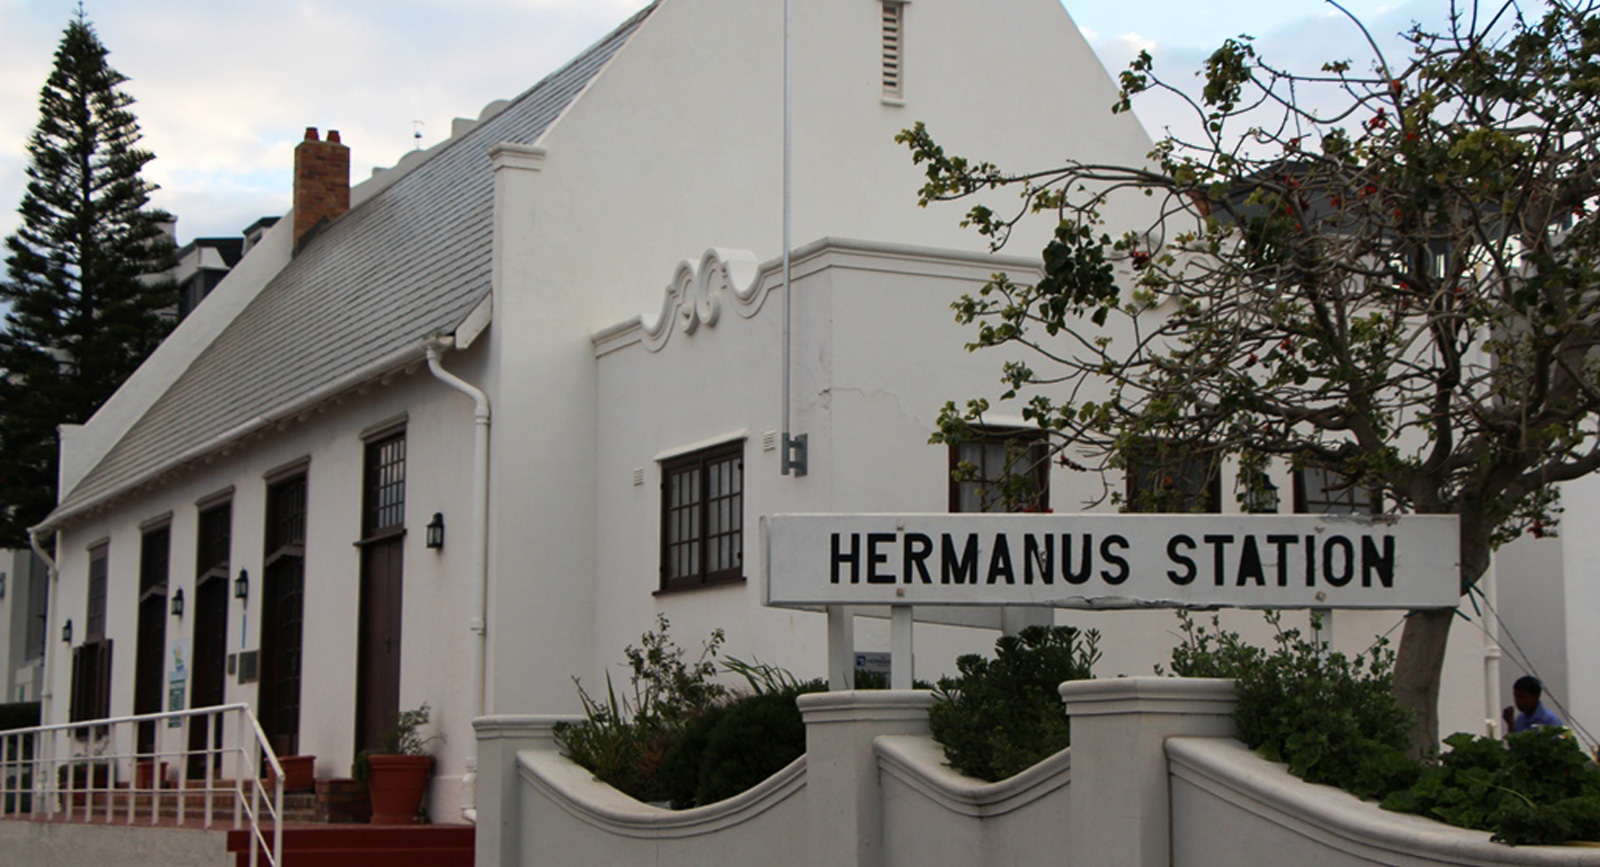 Hermanus Station
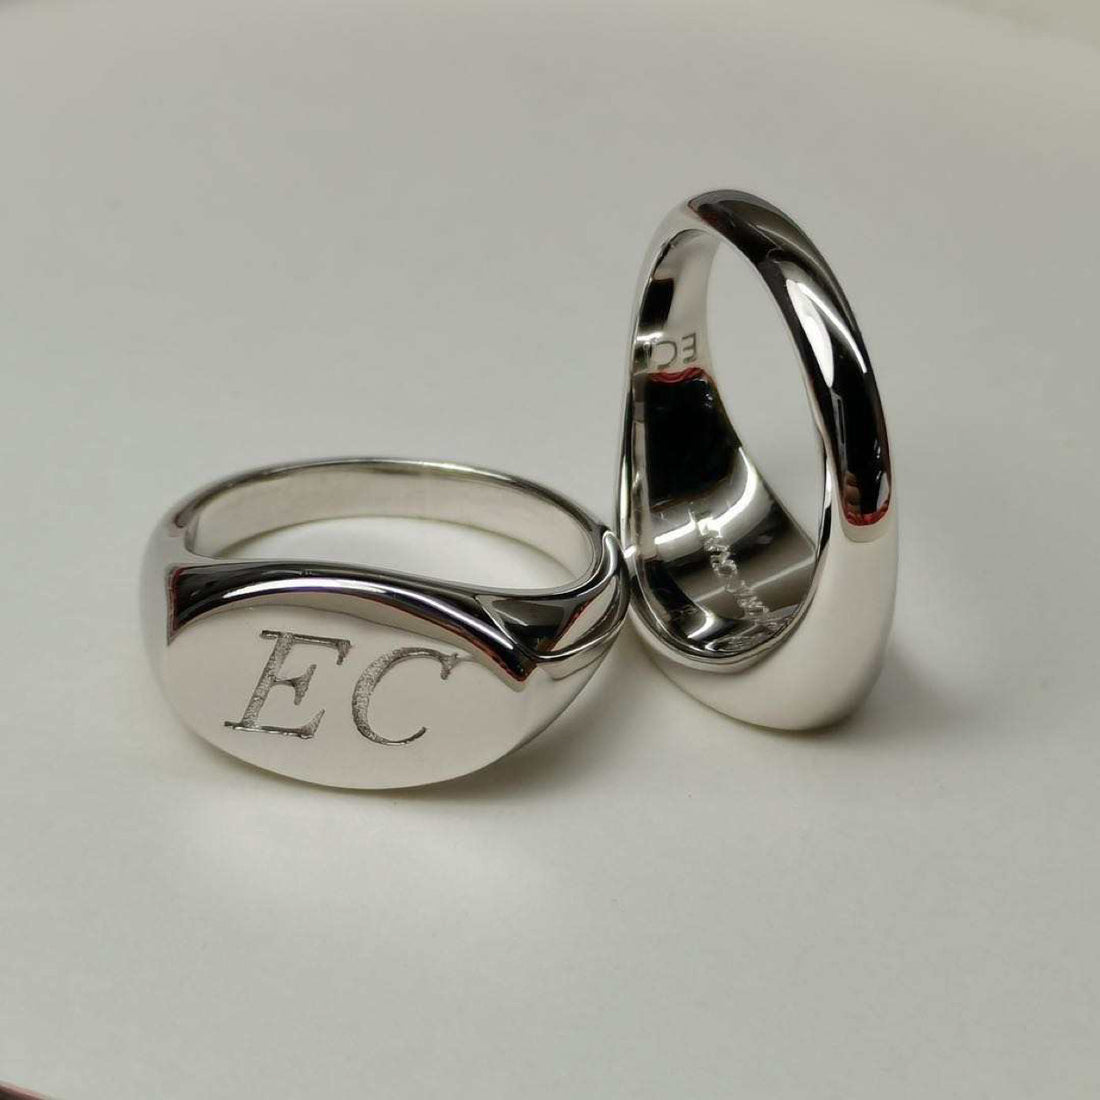 The 'EC' Signet Ring
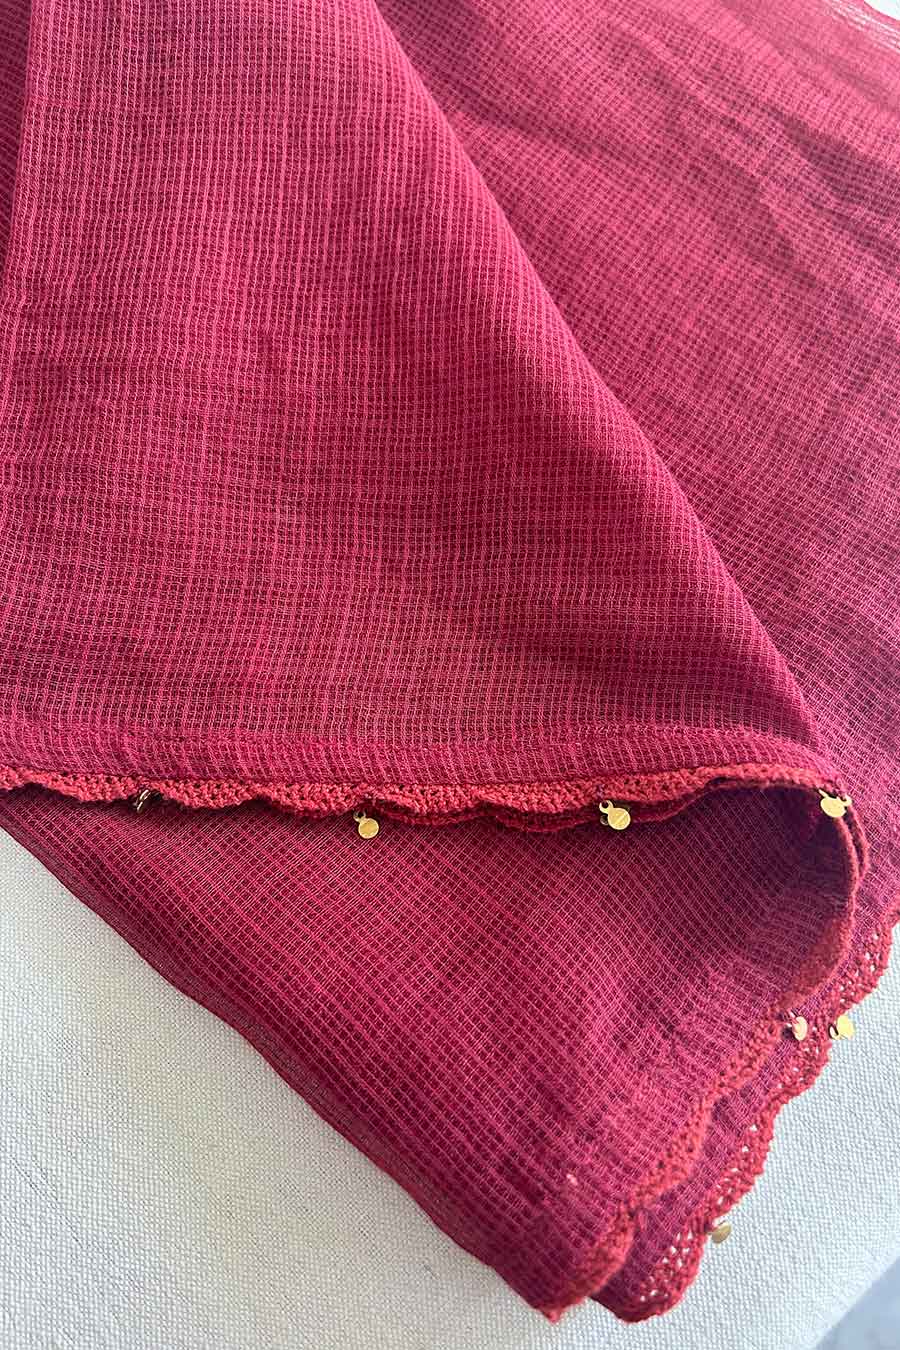 Maroon Crochet Lace & Metal Hangings Detailed Dupatta
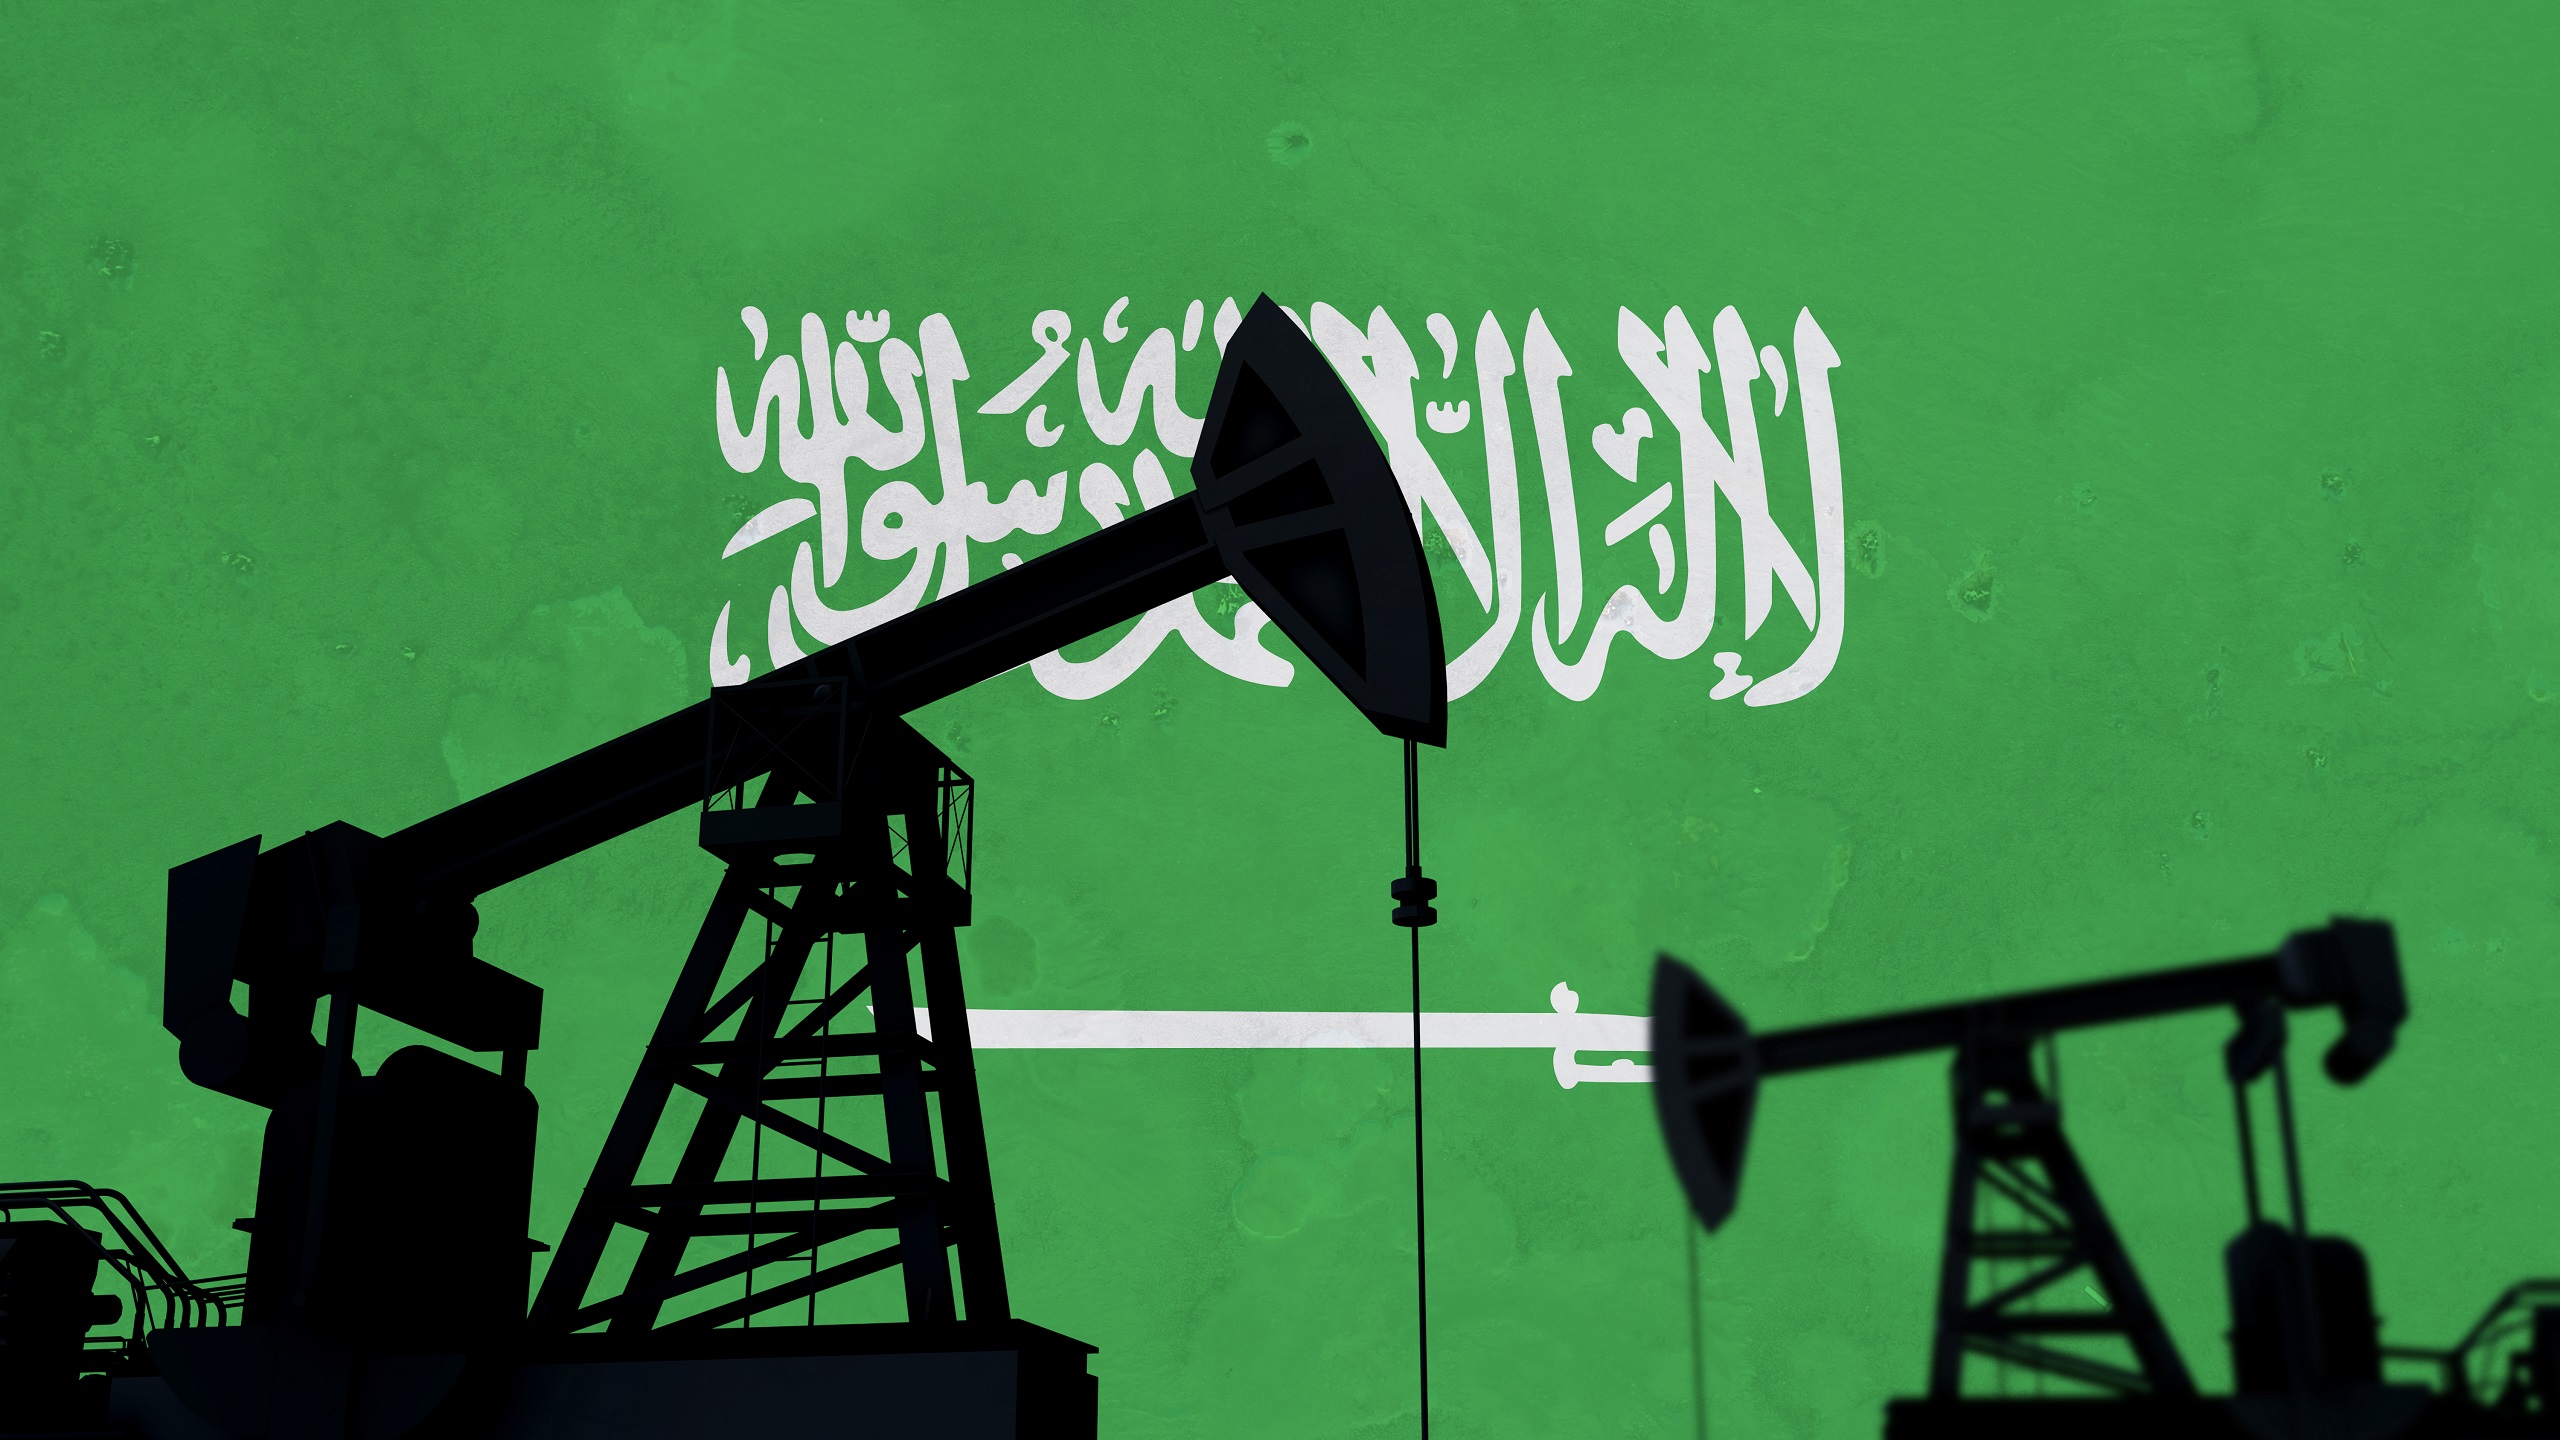 Saudi Arabia To Increase Oil Production to 13M Barrels per Day

WORK INSTRUCTIONS:
Your copy should hold each line above exactly and no pictures at all.

SOLUTION FOR THIS TASK:
 Hermanus Station
 The 'EC' Signet Ring
 Maroon Crochet Lace & Metal Hangings Detailed Dupatta
 Saudi Arabia To Increase Oil Production to 13M Barrels per Day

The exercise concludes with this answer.